- _PROBLEM DETAILS_
An exact transcription of the records is required, minus any images.

- _MATERIAL PROVIDED_

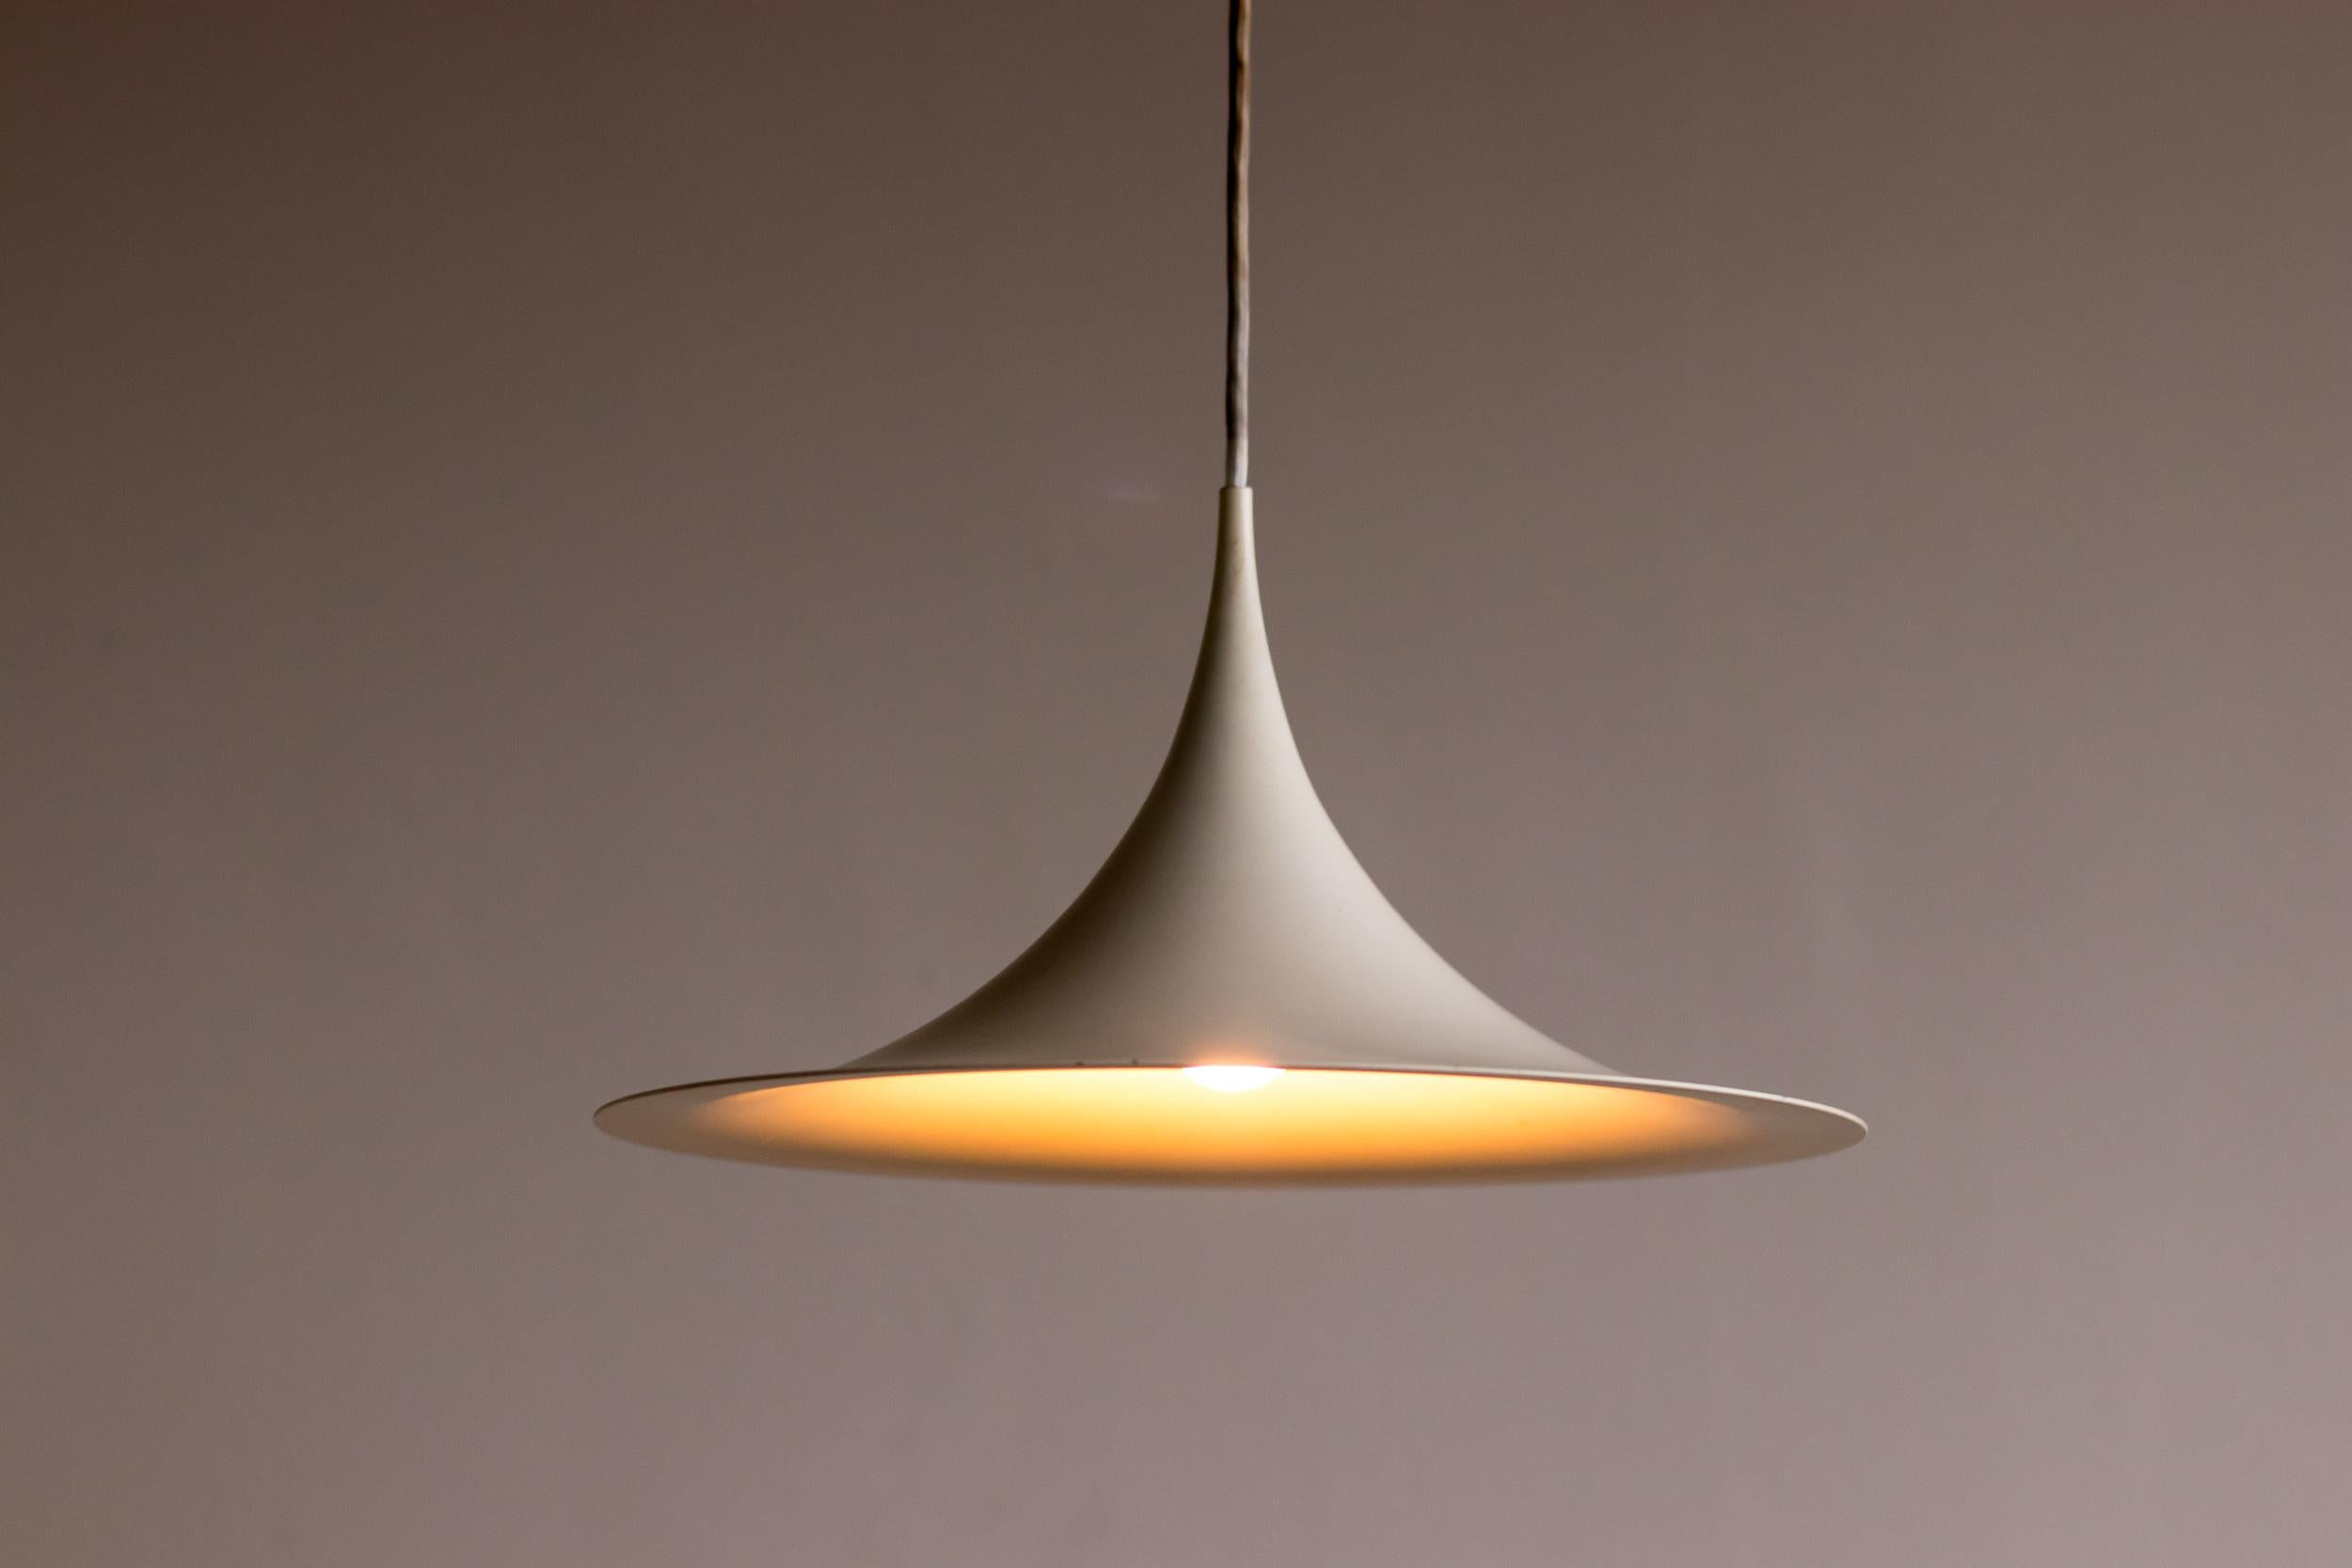 White enameled aluminium pendant lamp designed by Claus Bonderup and Thorsten Thorup for Fog and Mørup. Very early edition with bakelite hardware in exquisite vintage condition.
Marked with label.

Fog & Mørup was a Danish lighting design company
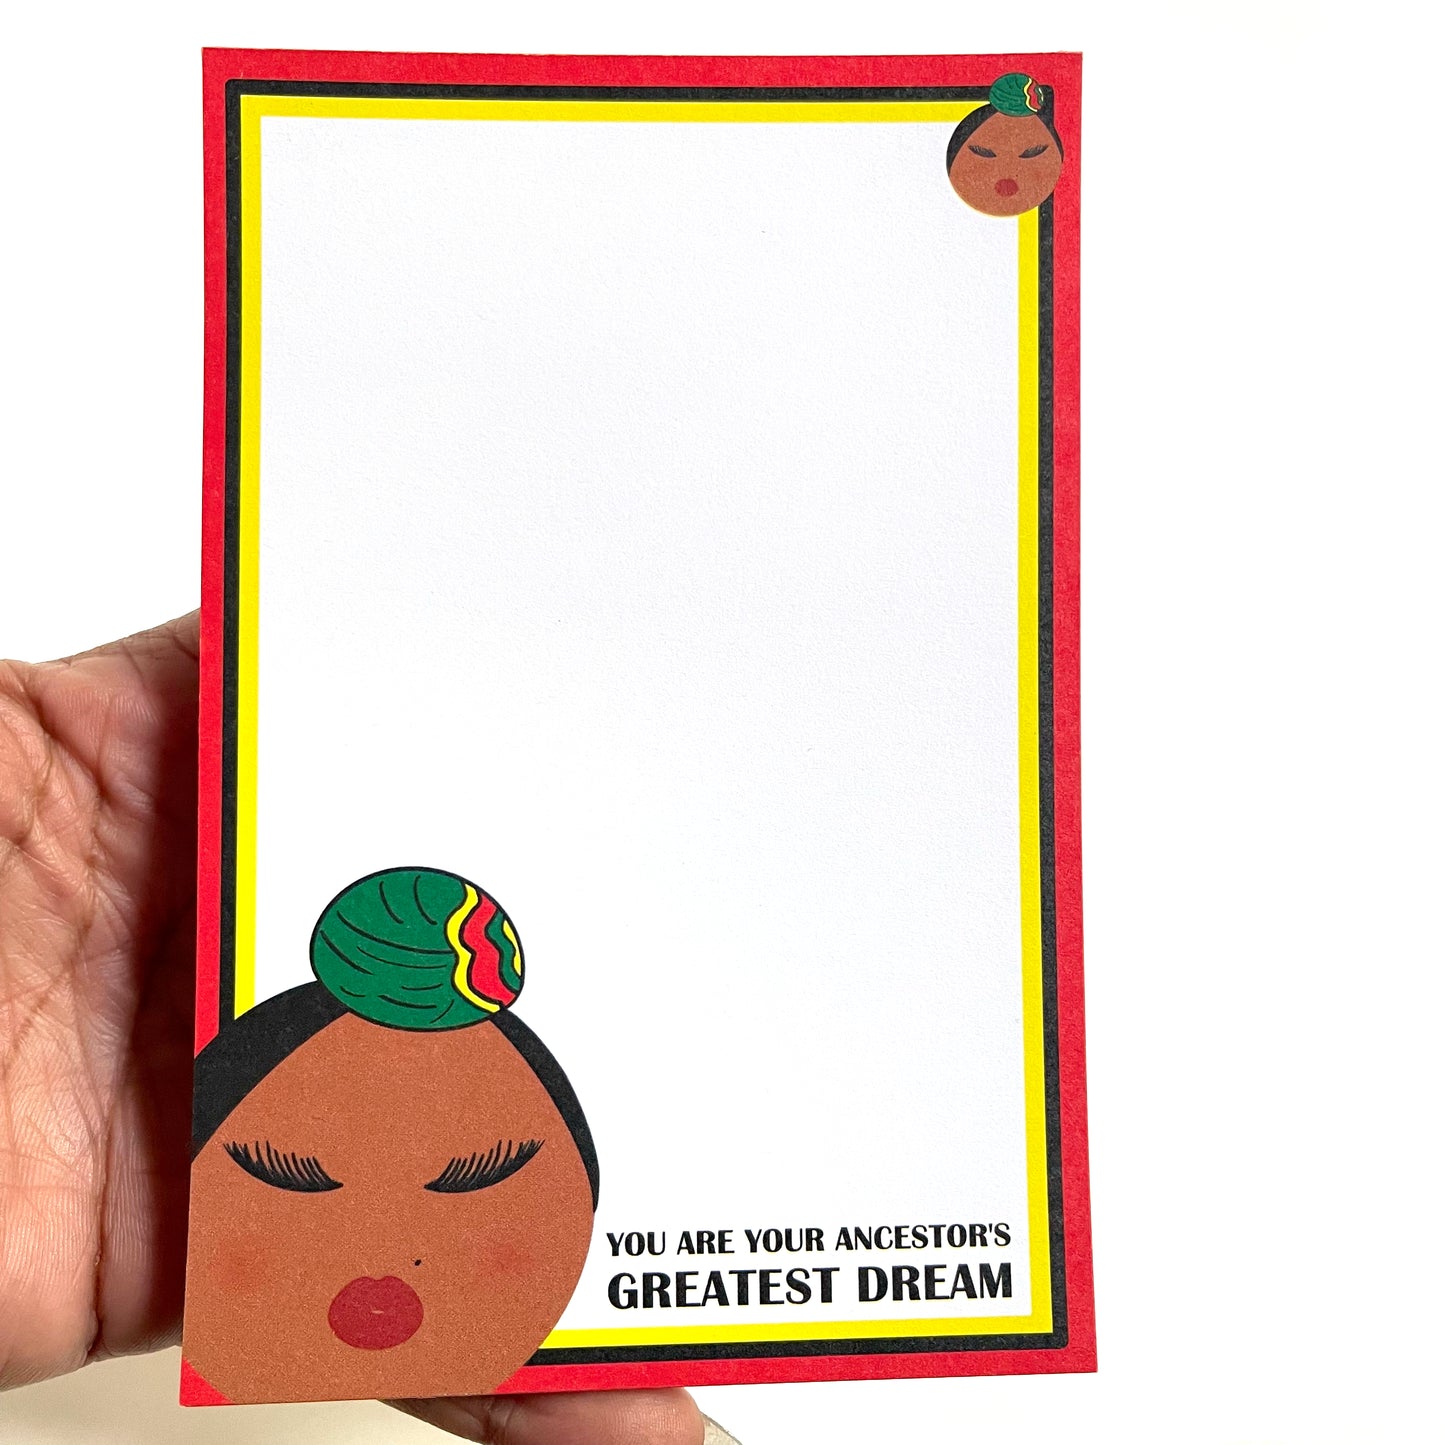 Ivy, 'You Are Your Ancestor's Greatest Dream' Memo Notepad
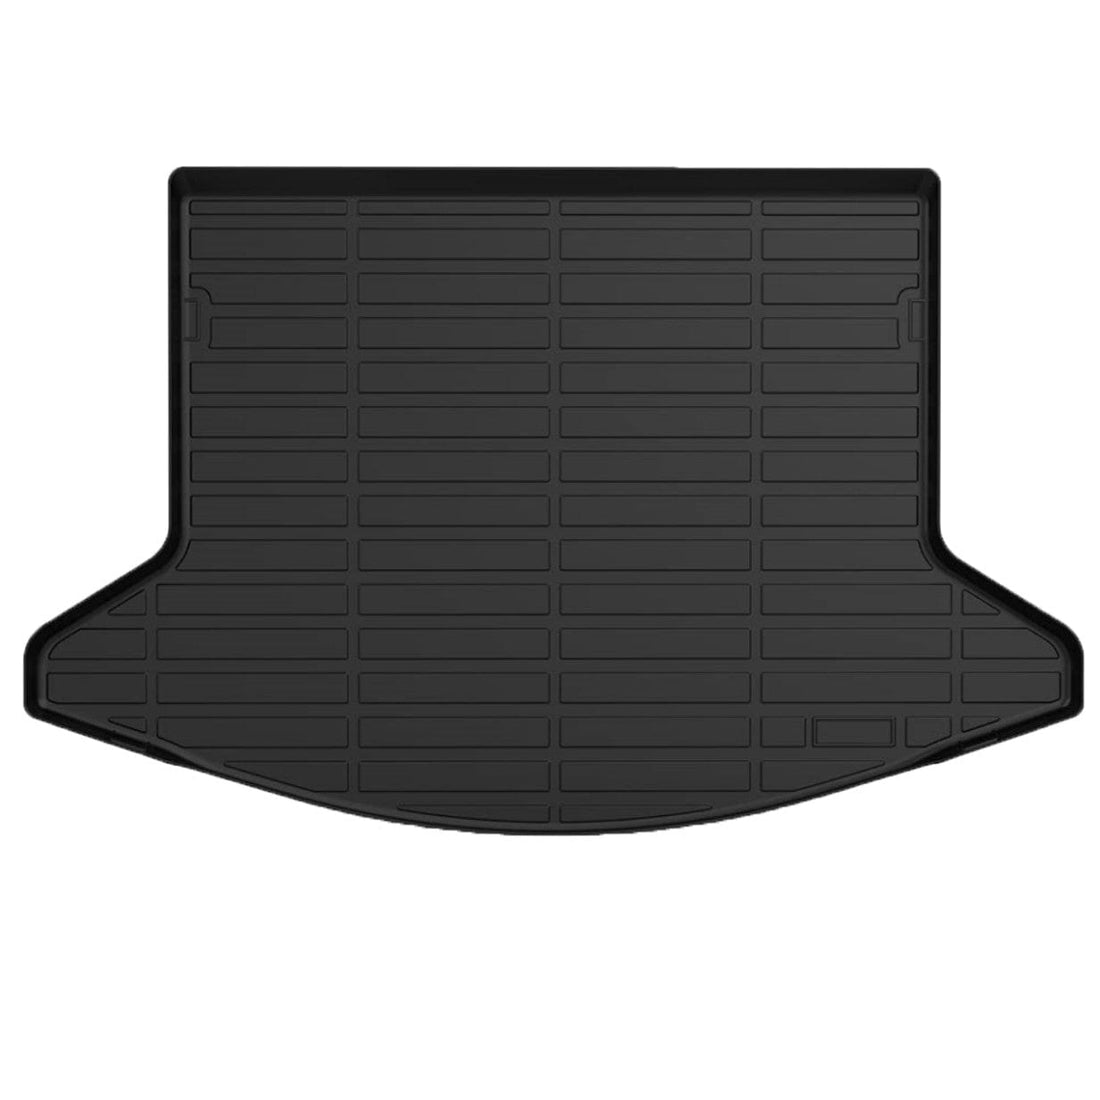 All-Weather Rear Cargo Mat for 2017-2022 Mazda CX-5, Durable

- _YOUR RESPONSE_
 White enameled aluminium pendant lamp designed by Claus Bonderup and Thorsten Thorup for Fog and Mørup. Very early edition with bakelite hardware in exquisite vintage condition.
Marked with label.

Fog & Mørup was a Danish lighting design company
 Ivy, 'You Are Your Ancestor's Greatest Dream' Memo Notepad
 All-Weather Rear Cargo Mat for 2017-2022 Mazda CX-5, Durable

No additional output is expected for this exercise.